Overview of the game

Reinforcement Learning is used in scenario where the system is required to make decisions based on the input they receive. To better understand this concept, let’s take an example of a custom game that we will create and let’s call it ‘Dog in a park’. The game is very simple, we have a dog who is the main player of this game and his name is Kiko. There are few challenges ahead for Kiko. He is in a section of a park where he isn’t supposed to be. But our Kiko is a very greedy dog, and he got there by following the smell of the bones lying on the ground. Every second he spend there is very risky and he needs to get out of that section as soon as possible. To make matter worst, there are already some robots present in that section to secure the area and if they see him, he is definitely in trouble.

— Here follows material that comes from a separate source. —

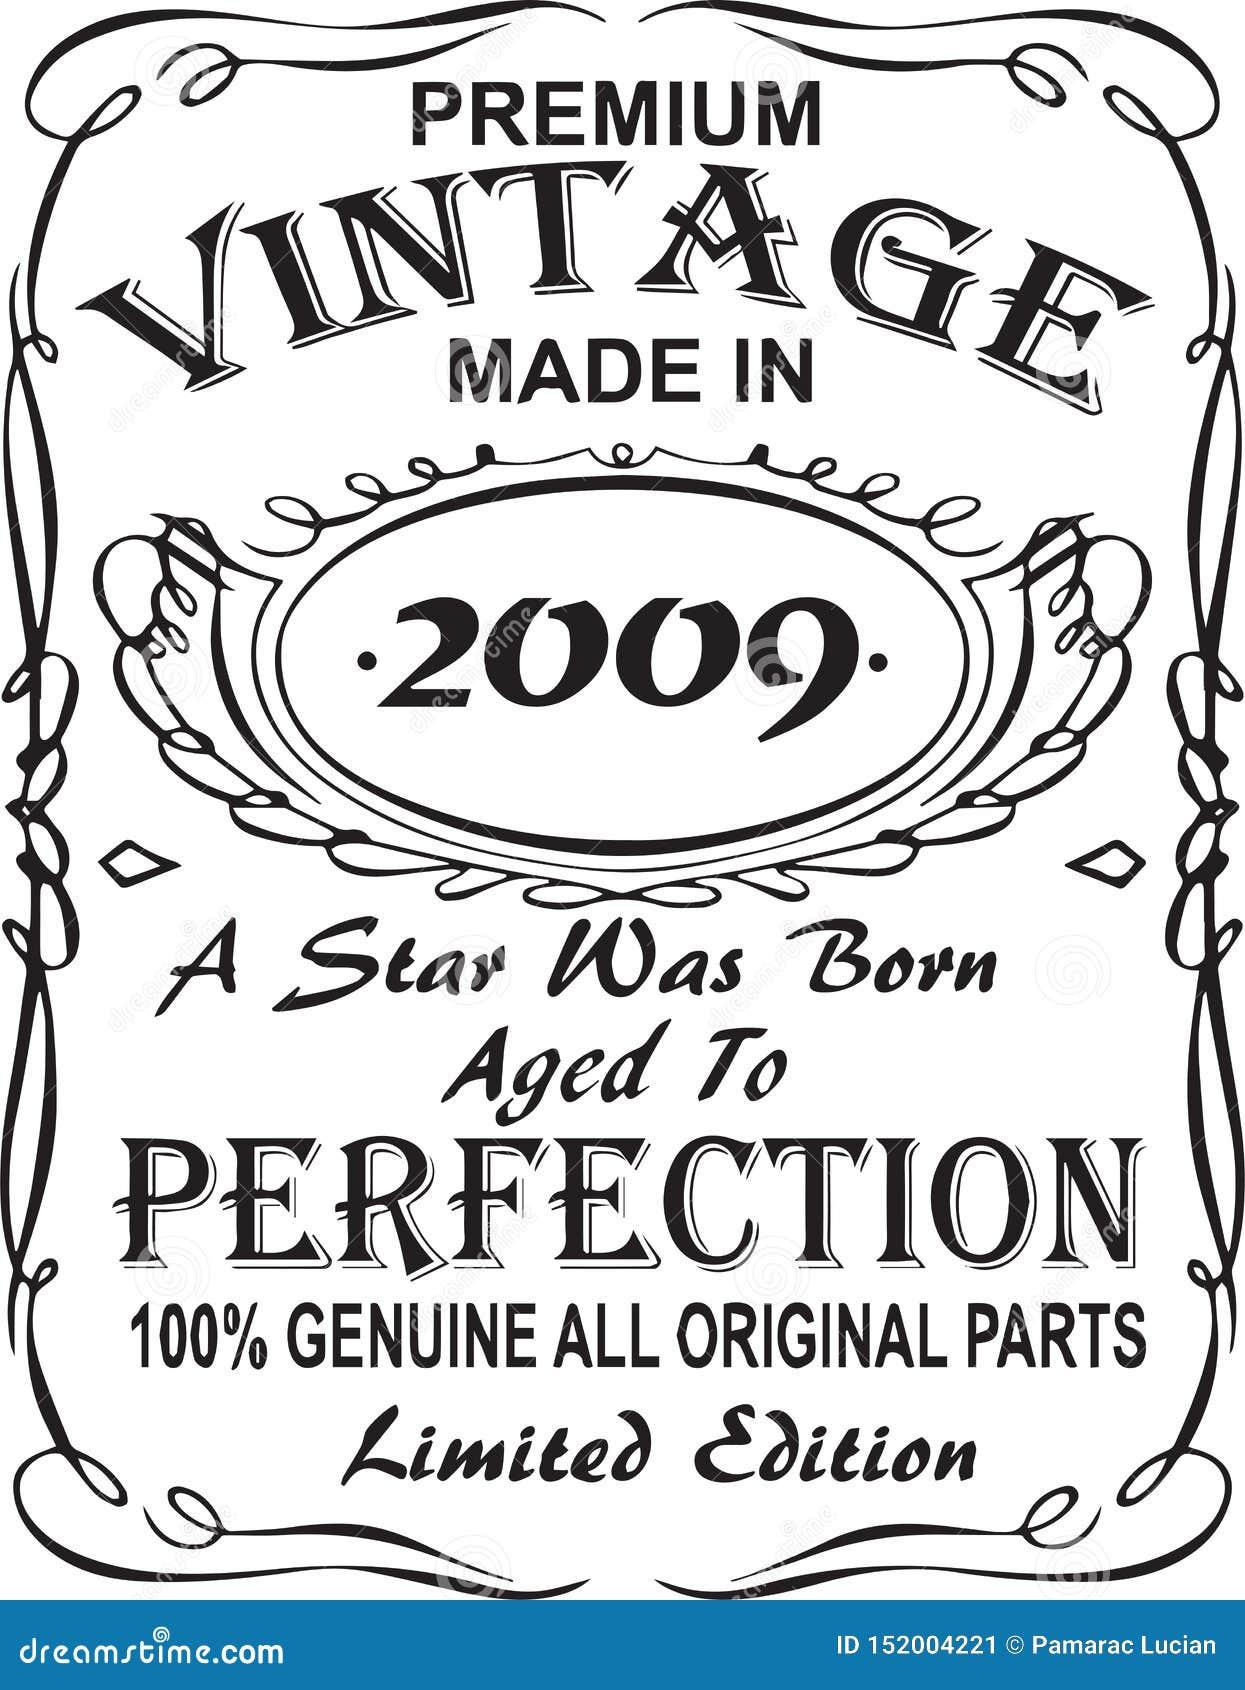 Vectorial T-Shirt Druckentwurf Erstklassige Weinlese machte im Jahre 2009 einen Stern wurde getragen alterte zu Perfektion echtes

Now, the challenge for Kiko is, he needs to eat as much bones as he could find and as quickly as possible before reaching the exit and that too without being noticed by any of the robots.

State of the game where player/dog is in initial position.
State of the game, where player/dog is in initial position, dotted squares are empty places where player can move and position marked as ‘X’ is the exit position the player needs to be, to complete the game successfully.

Agent, Action, State and the Environment

Kiko here, who is the main player of this game and whom we are trying to train is what is called an agent. The section of the park where Kiko is in, is called an environment. Our agent, interacts with the environment by exploring it, which basically means, going left, right, up or down from the position he is in and eventually collecting all the available bones and reaching the exit sign. The steps he takes, i.e Left, Right, Up or Down, they are called actions. An agent take one action in each step and because of that he moves from one position to another, making a transition and changing the state of the environment.

Agent takes an action of value ‘1’, to go from his initial position to the next state.
Agent takes an action of value ‘1’, to go from his initial position to the right which eventually changes the state from 0 to 1.

Observation

Every time the agent takes an action, he gets to know where he is now in that environment, which is called an observation. Observation is a subset of the state which the agent receives. Observation is given to the agent from the environment. Sometimes if the environment is really simple, the state is the observation and when the environment is really complex its very hard to map out and send every detail of that state to the agent, therefore the agent in that case might only know few details about the new state of the environment. Here, in our case, the observation is the layout of the park, where the position of the agent in that new observation is given, position of the robots, positions of the remaining bones and location where the exit sign is located.

Rewards & Penalties

Reinforcement Learning is driven by rewards and penalties. If you are familiar with Deep Learning or Supervised learning, you might know that to train a neural network, for each example its associated labels are also given. Allowing the neural network to measure difference between predictions it made compared to the real targets. In reinforcement learning we don’t have any labels, the agent needs to learn by exploring the environment all on its own and figure out what actions it needs to perform so that it can satisfy the rules of the environment. To do that, rewards and penalties are given to the agent. Usually the rewards and penalties are scalar numbers given to the agent based on the actions it takes.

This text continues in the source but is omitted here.